**Exercise aim:** Repeat the data below in full. Pictures must not be part of the copy.

Excerpts from a dataset:
^^^^^^^^
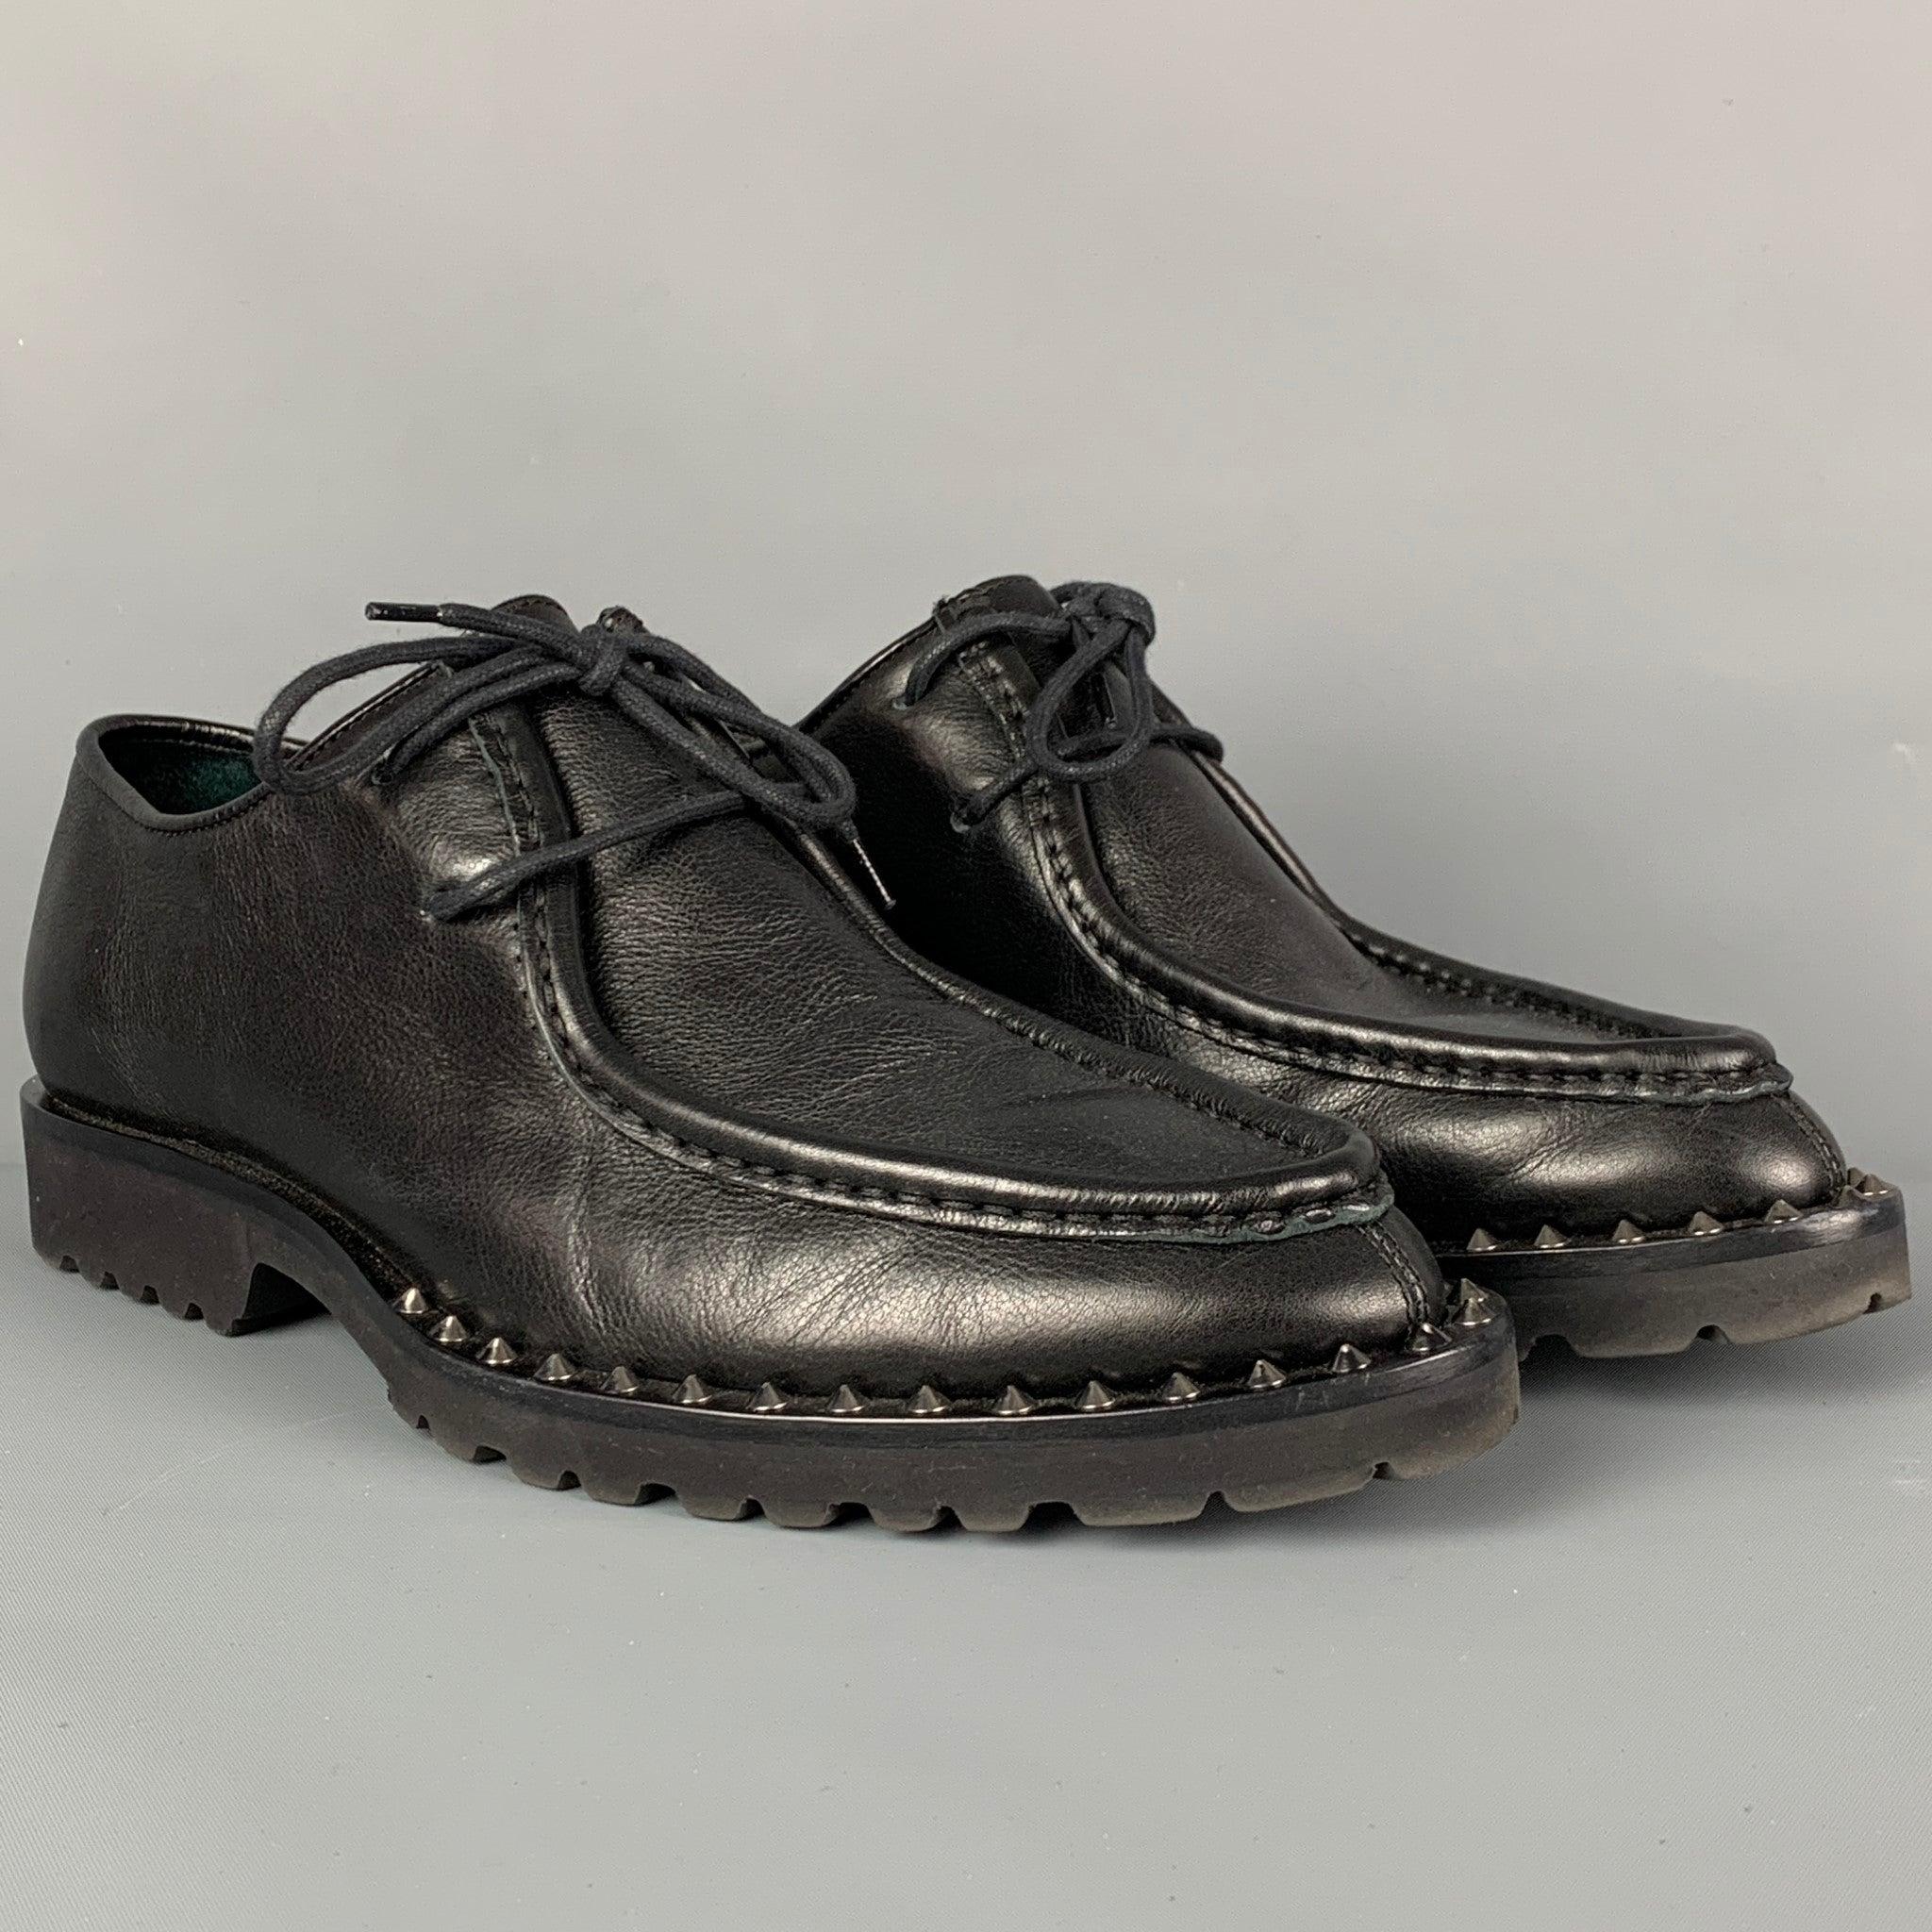 DSQUARED2 'Worlds End' shoes comes in a black leather featuring studded details, narrow toe, and a lace up closure. Includes box. Made in Italy.
Excellent
Pre-Owned Condition. 

Marked:  
39Outsole: 11.75 inches  x 4.25 inches 
  
  
 
Reference:
^^^^^^^^
**Answer:**
 DSQUARED2 'Worlds End' shoes comes in a black leather featuring studded details, narrow toe, and a lace up closure. Includes box. Made in Italy.
Excellent
Pre-Owned Condition. 

Marked:  
39Outsole: 11.75 inches  x 4.25 inches 
  
  
 
Reference:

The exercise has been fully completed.